### [Prompt]
With the pictures omitted, print exactly the lines below, from the one containing "Mechanic Blue Paste" through the one containing "Ferrari Parts Ferrari", and nothing else.

### [Given data]
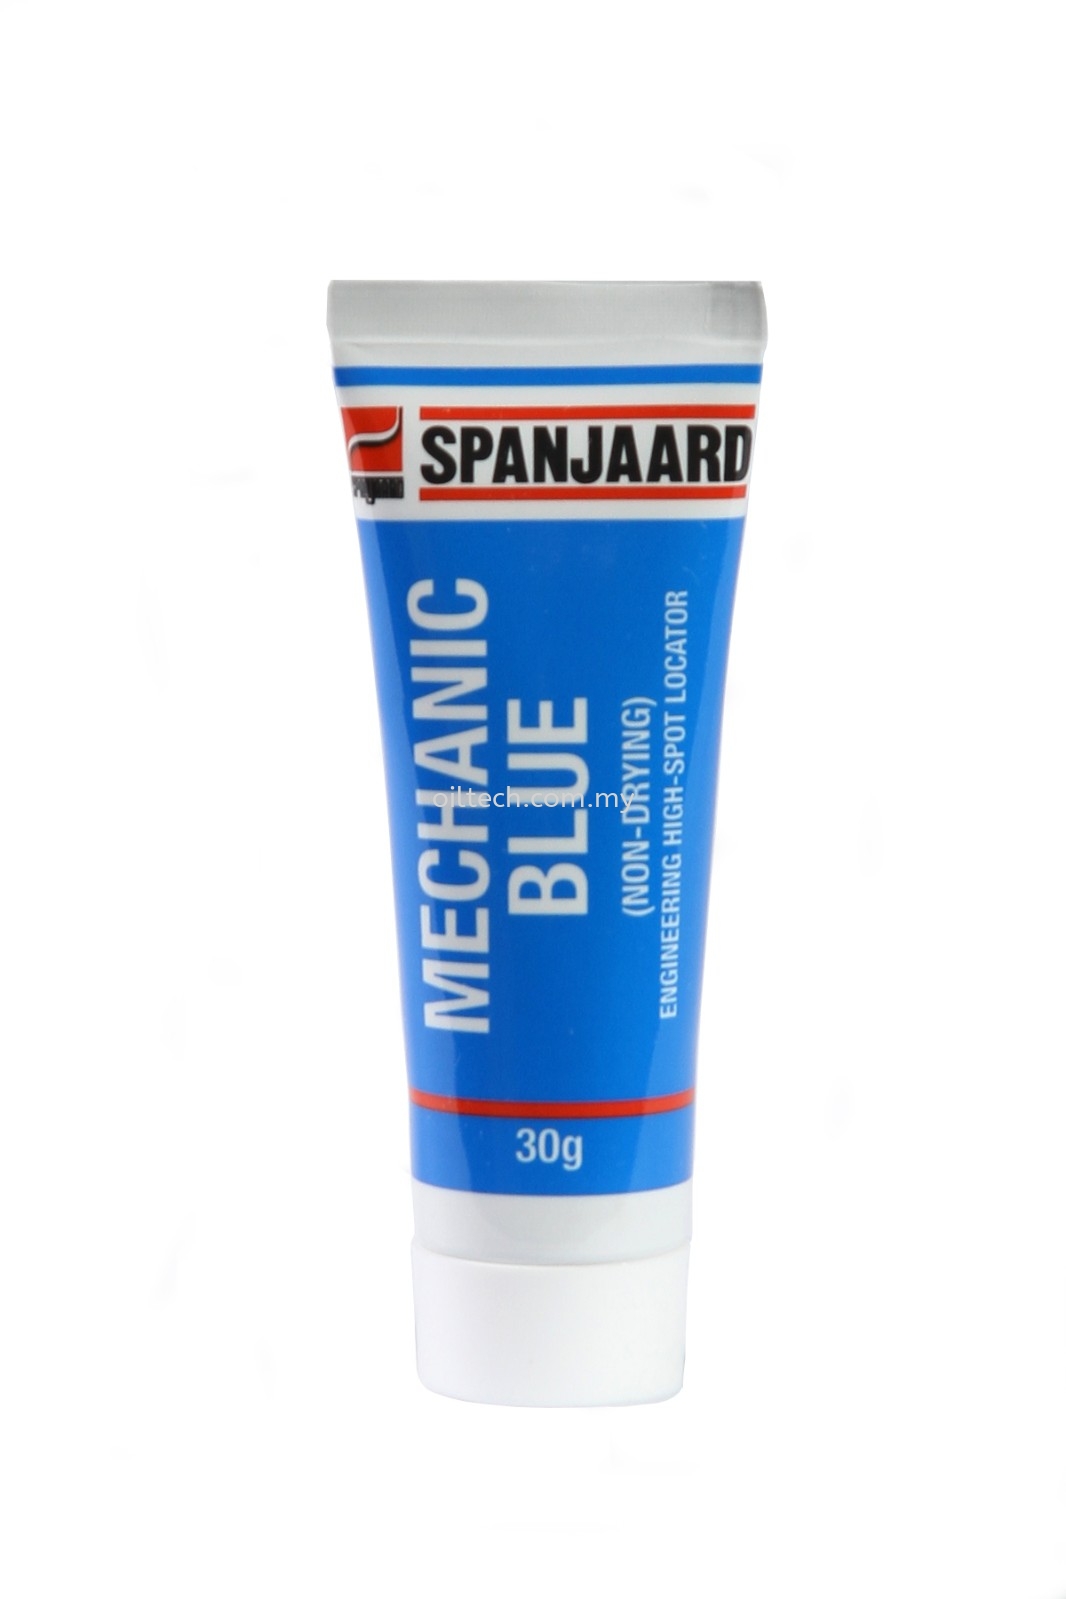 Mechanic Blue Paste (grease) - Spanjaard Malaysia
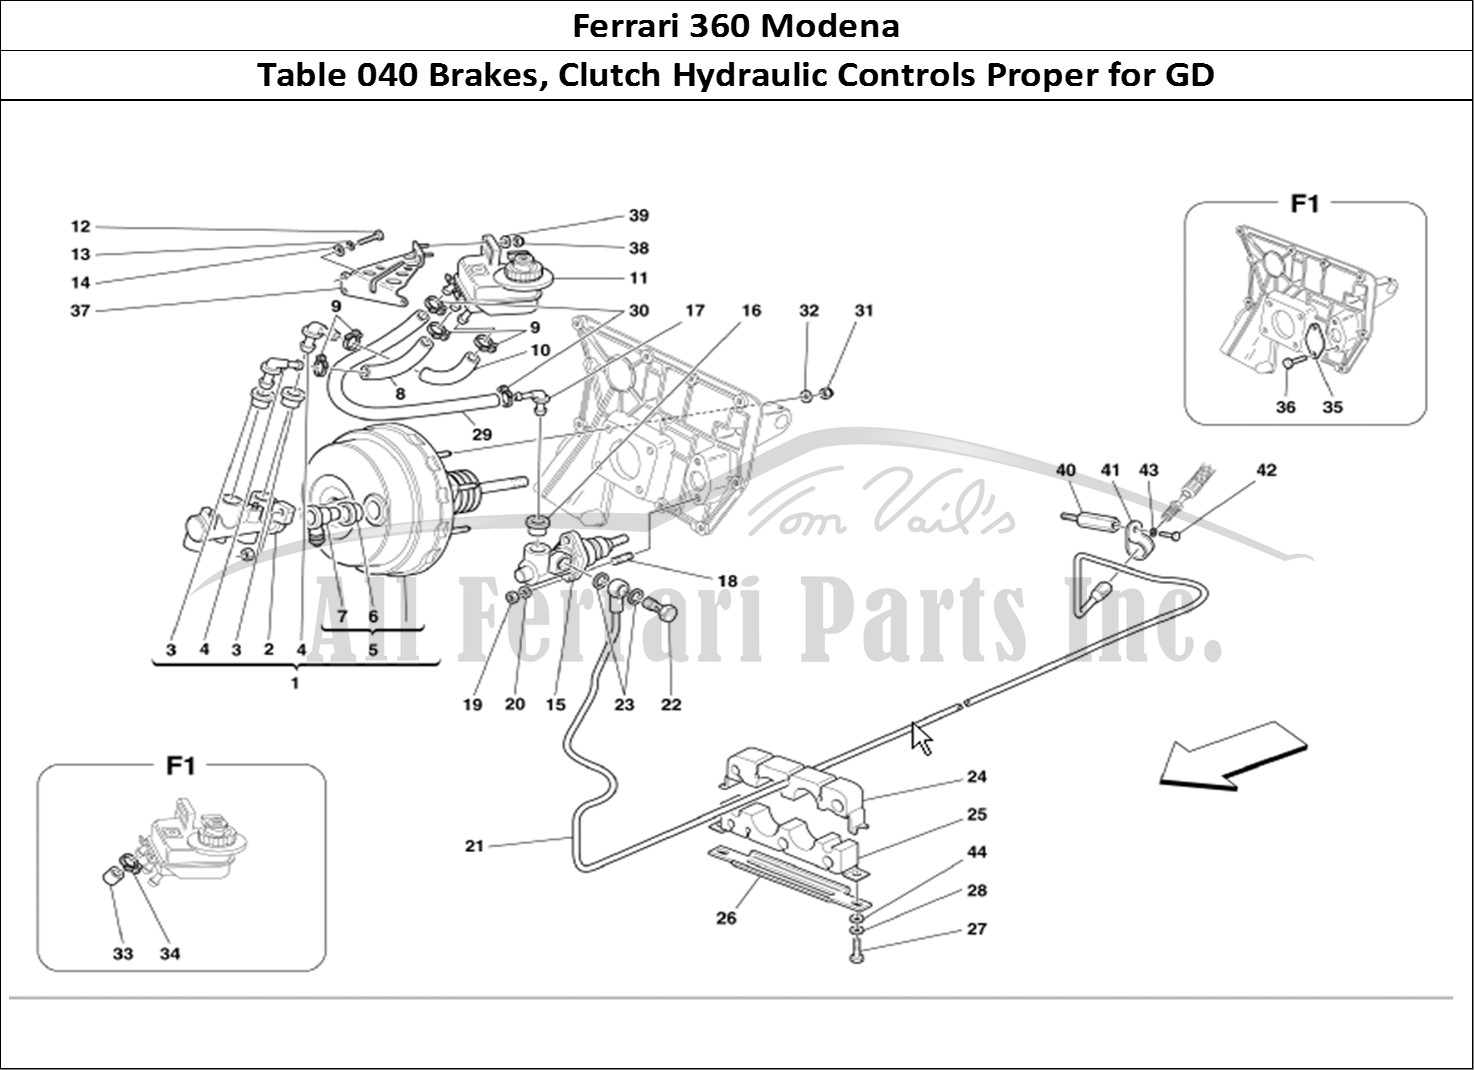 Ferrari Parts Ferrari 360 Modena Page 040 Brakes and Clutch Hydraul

==

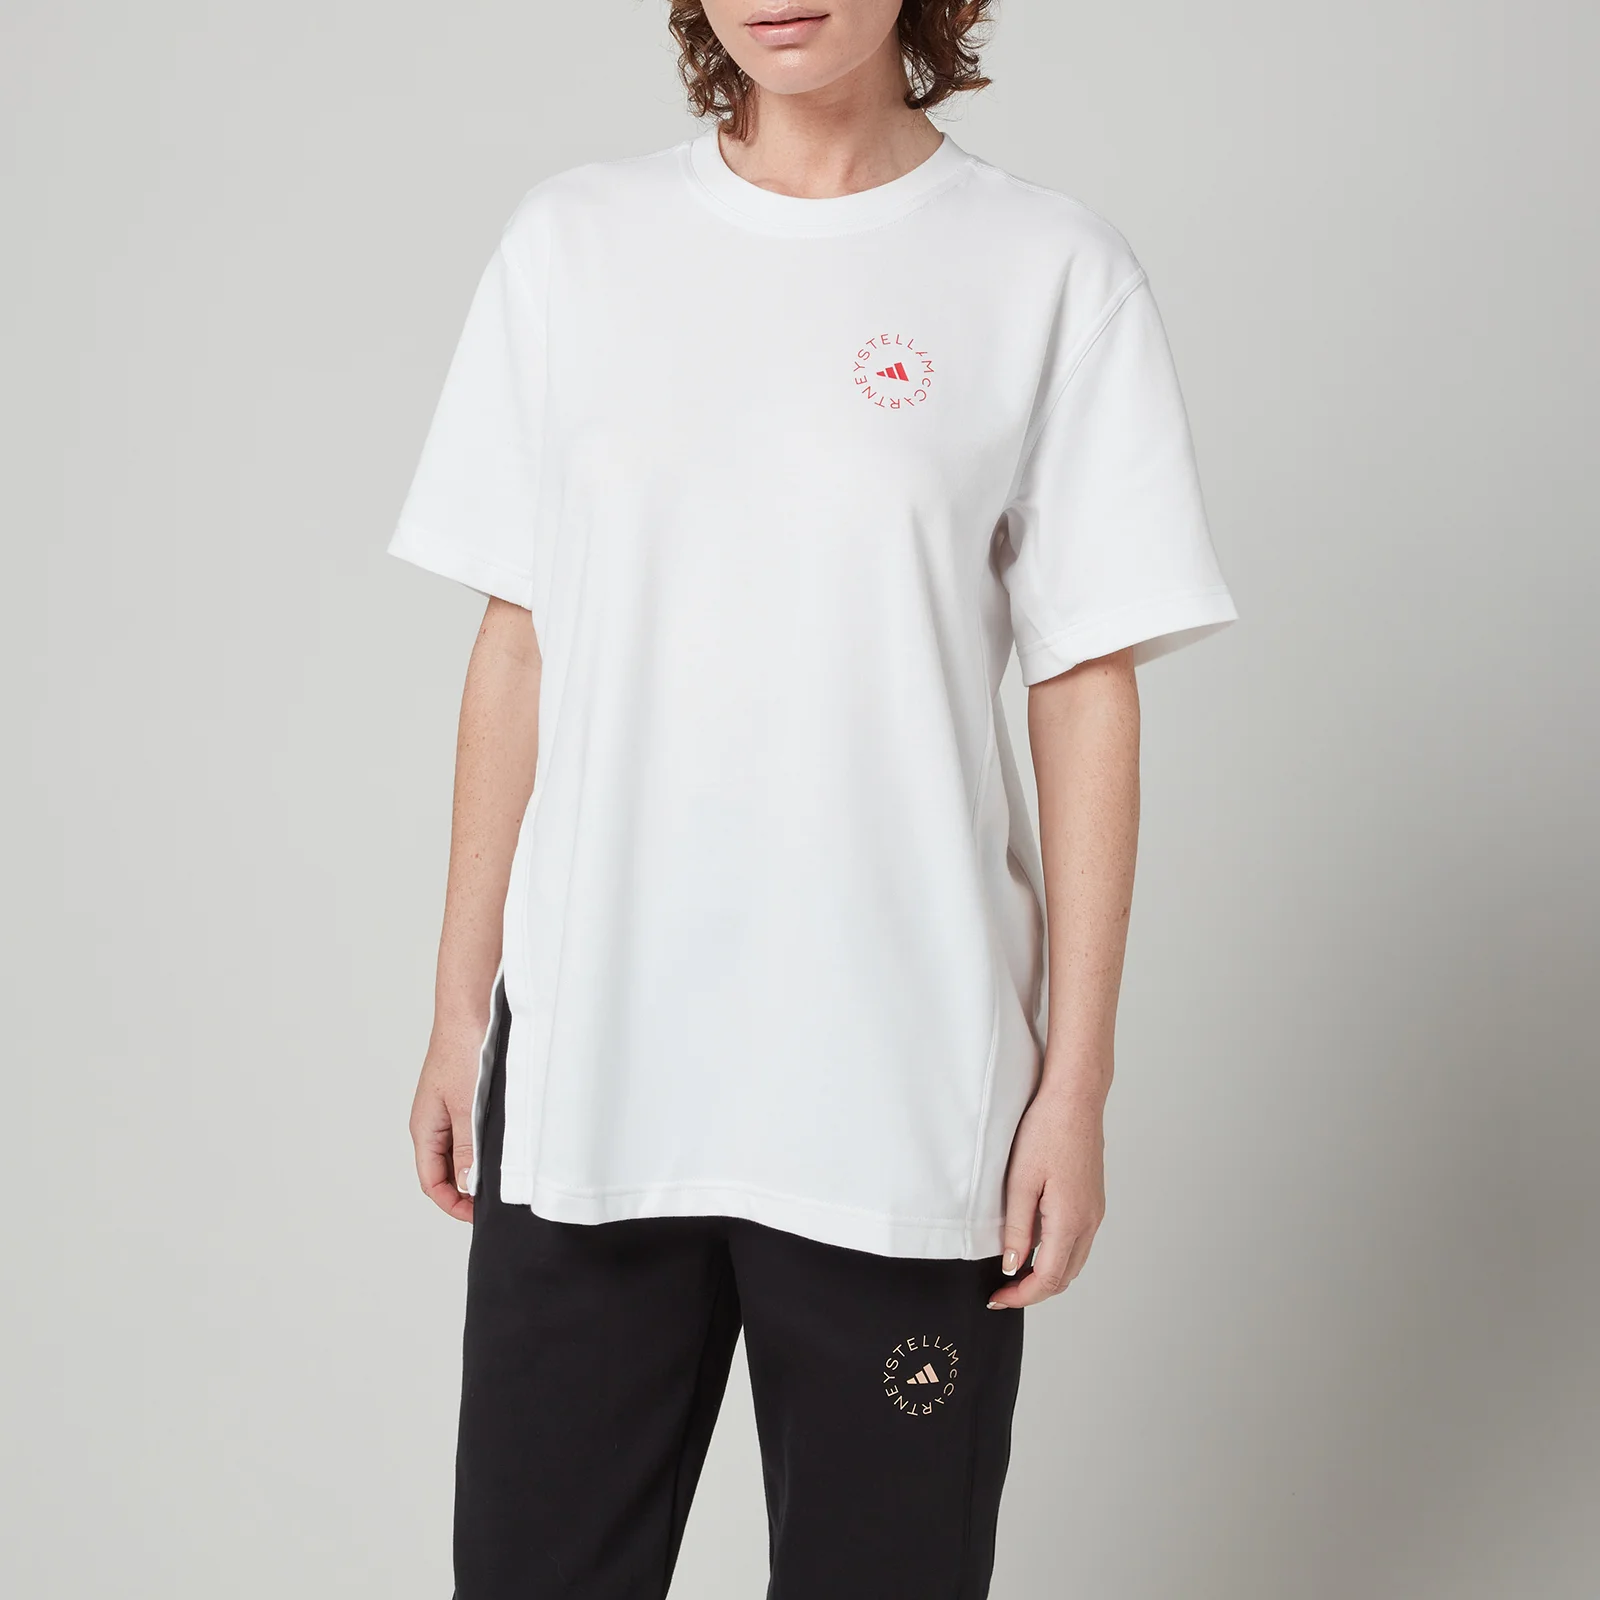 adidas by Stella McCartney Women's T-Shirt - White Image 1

==

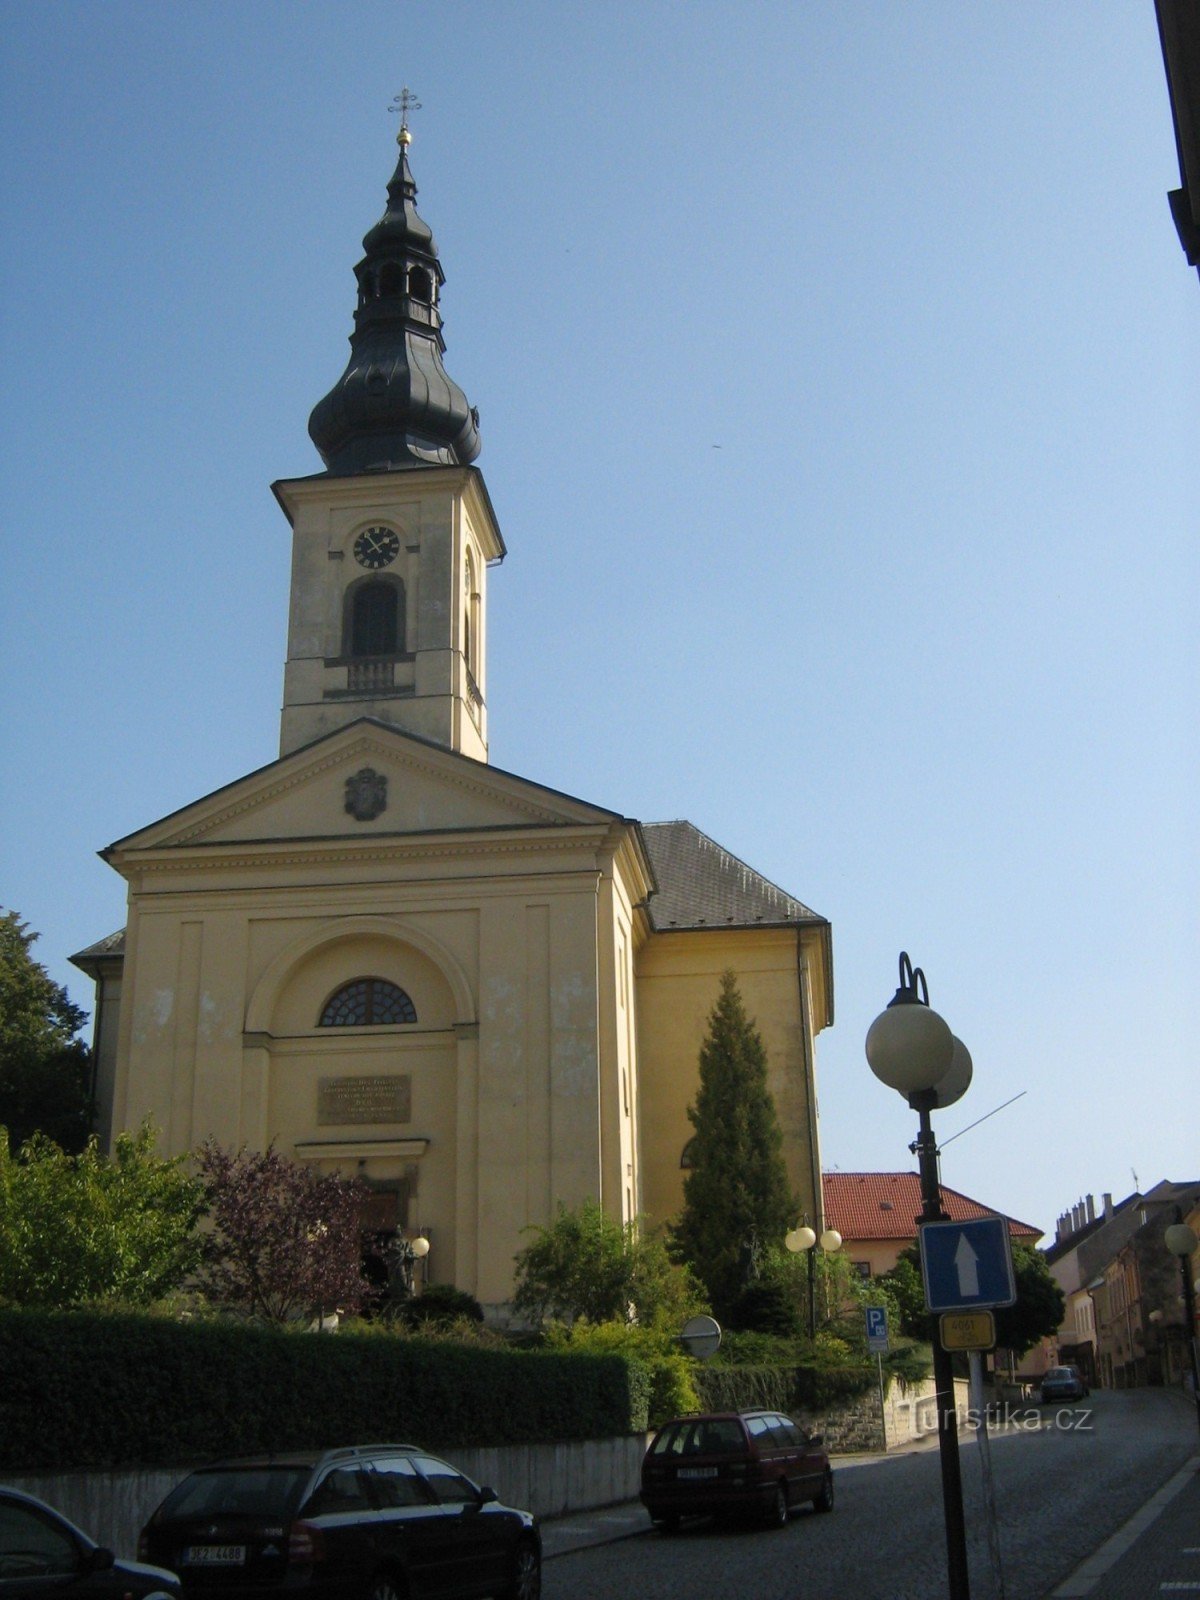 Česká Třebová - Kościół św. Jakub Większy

### [Result]
 Mechanic Blue Paste (grease) - Spanjaard Malaysia
 Ferrari Parts Ferrari 360 Modena Page 040 Brakes and Clutch Hydraul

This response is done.